Nevertheless, our research group and collaborators take cumulative decisions on the destination of a manuscript.
What are some ways you’ve seen preprints benefit the scientific community and the public at large?
Thanks to preprint servers like Research Square, we can look at preprints that are not available in other scholarly platforms. You can contact the authors and discuss their topic further, even while someone is waiting six months to get that paper published. Without preprints, the knowledge is locked.
It also helps with networking - a lot. To be honest, preprints are like a continuous conference for me. I’m constantly getting new information.
Preprints can also help shape policy faster. I write policy papers, as well as science papers, and many of my colleagues in public health also use them. I work with many interdisciplinary fields where we do policymaking. I see so many people with so many interesting thoughts and ideas, and they often reference a preprint server.
I know when I submit to Research Square, there’s a chance that it’s online in 24 hours. It’s more important for us to make the research available to read. For such a time of crisis when policymaking needs to move quickly, preprints are the best option in my opinion.
I think a preprint server is the best place for any kind of research. No matter which field of medicine or science - physics, biology, chemistry, or wherever.
Do you think preprints should be a regular step in the scholarly publishing process?

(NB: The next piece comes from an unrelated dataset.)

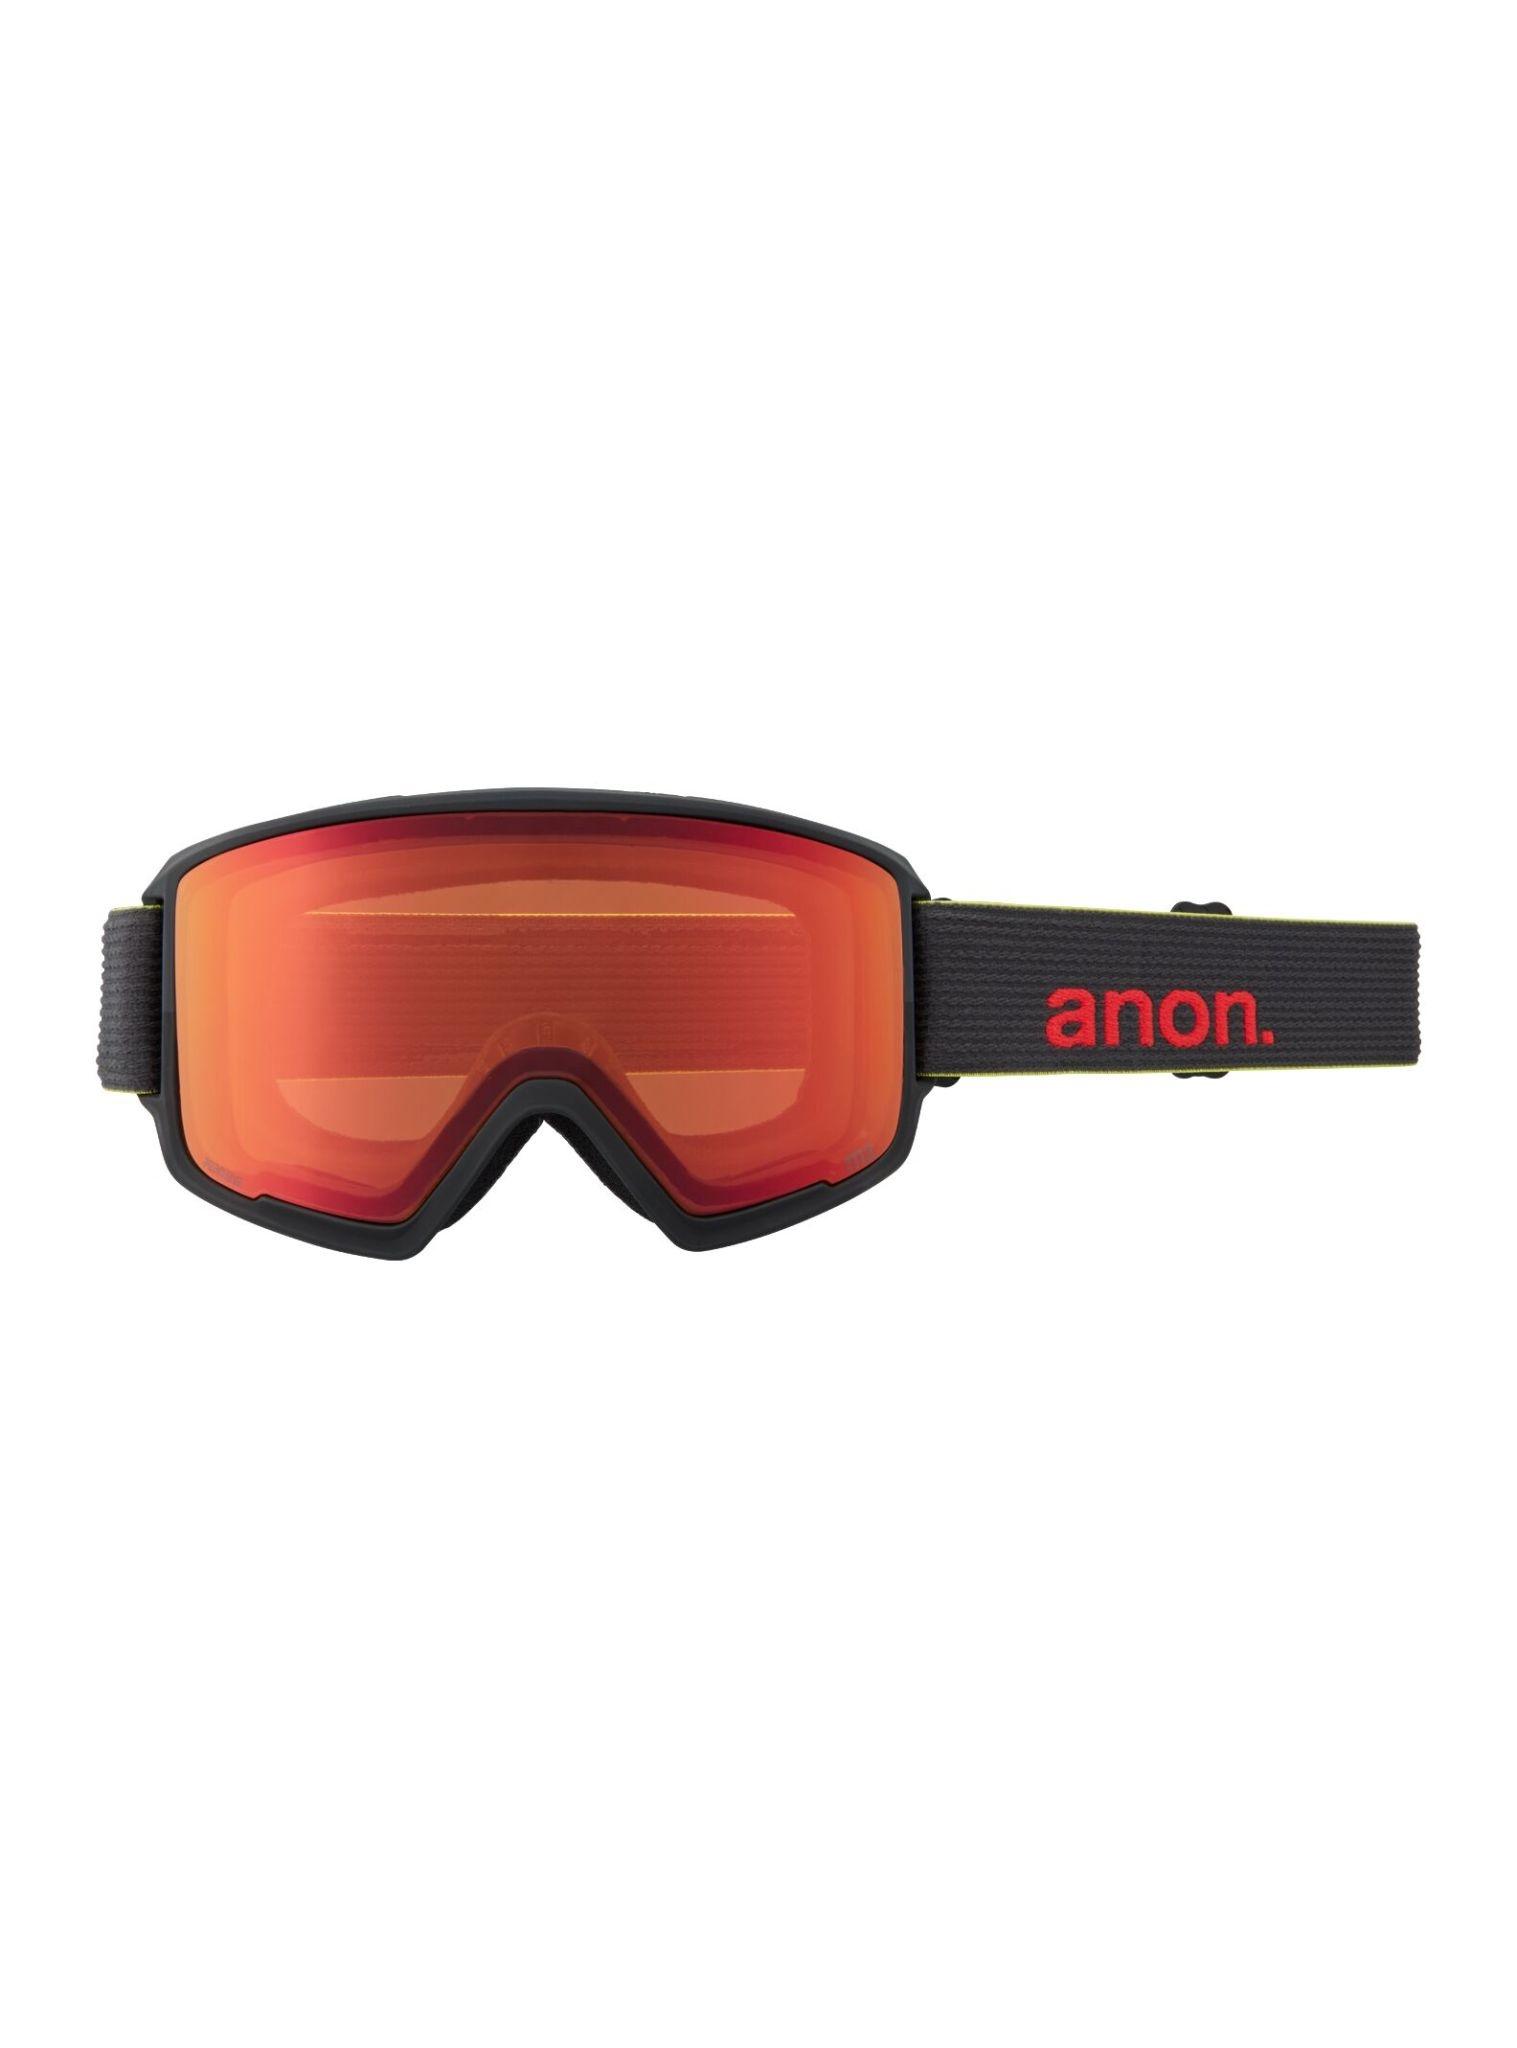 Anon. Anon Men's M3 Goggle + Bonus Lens

Yes, I really think they should. As I mentioned, journals should make platforms for preprint servers and link them to the journals. Then the journal decides whether to publish in the meantime. They could see the comments from others. It’s a very honest approach.

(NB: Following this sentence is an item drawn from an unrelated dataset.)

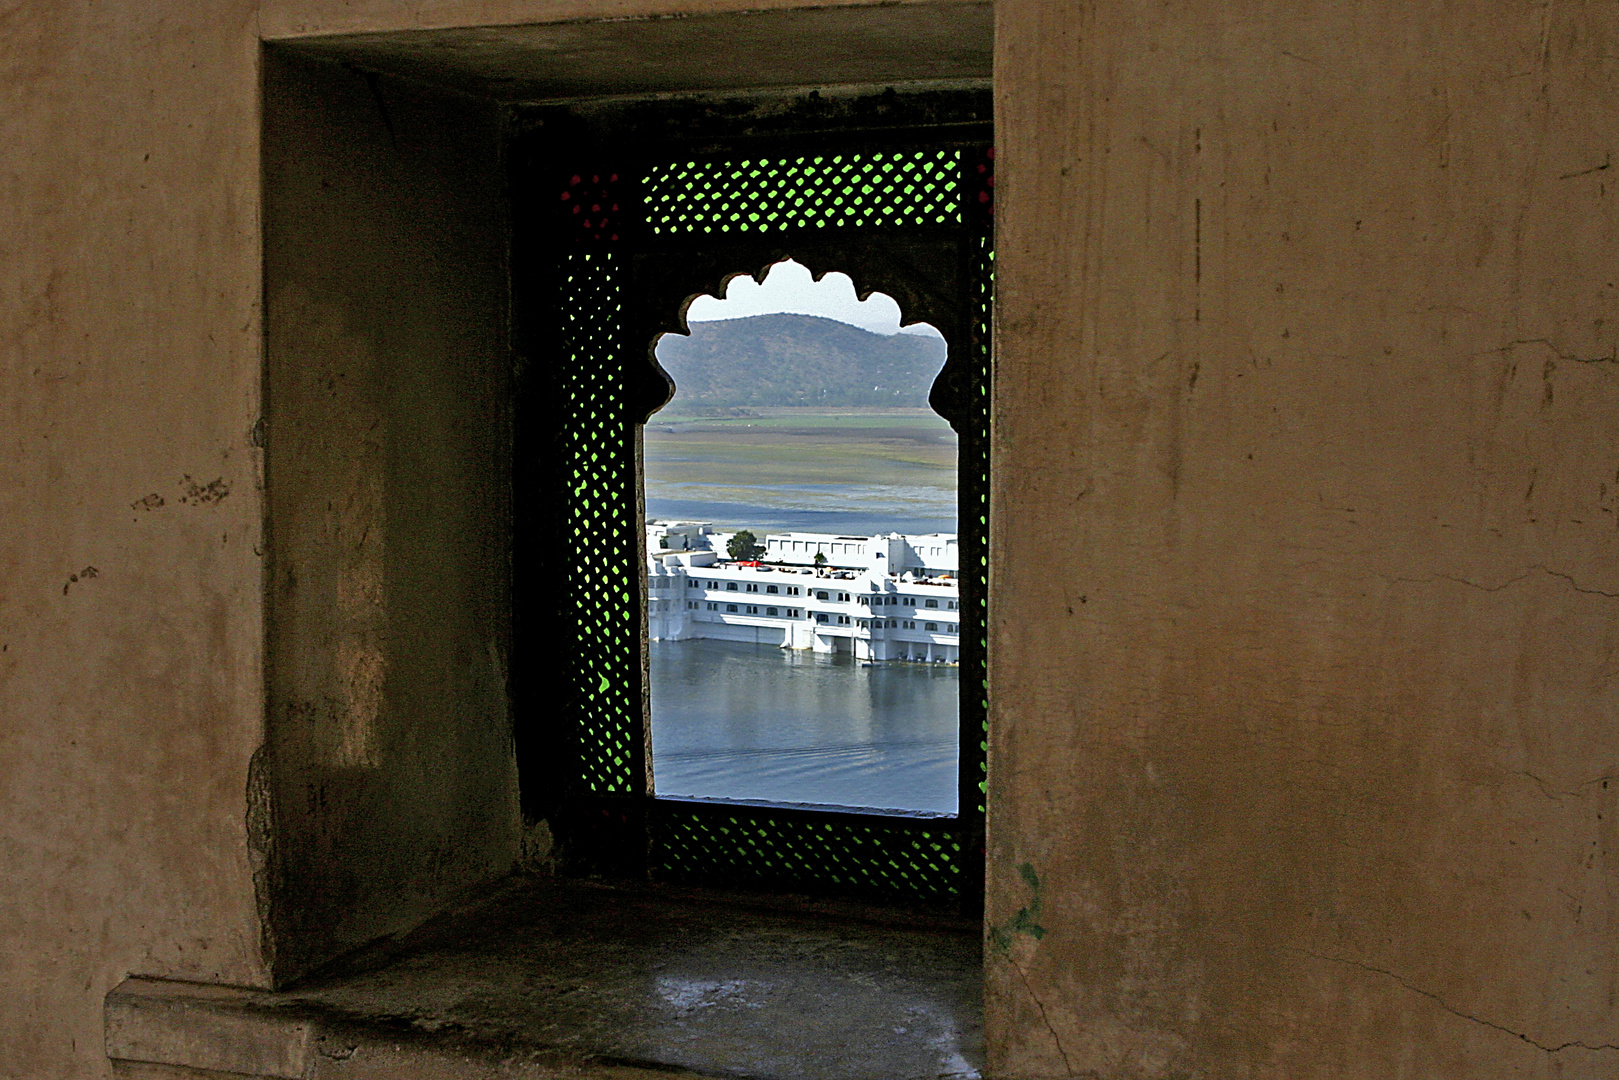 Hotel Taj Lake Palace in Udaipur/India

That could be the future in my opinion, but there should be more screening.
What other thoughts would you like to share about preprints or Research Square?
When I see the key people at Research Square, you have a frame for women empowerment. Many staff at Research Square are women. They’re nothing less than women in science, because they’re moving science forward. When I think of the platform, I think of that.
You don’t have to be doing research to have a big influence in science. I think Research Square is an example of this.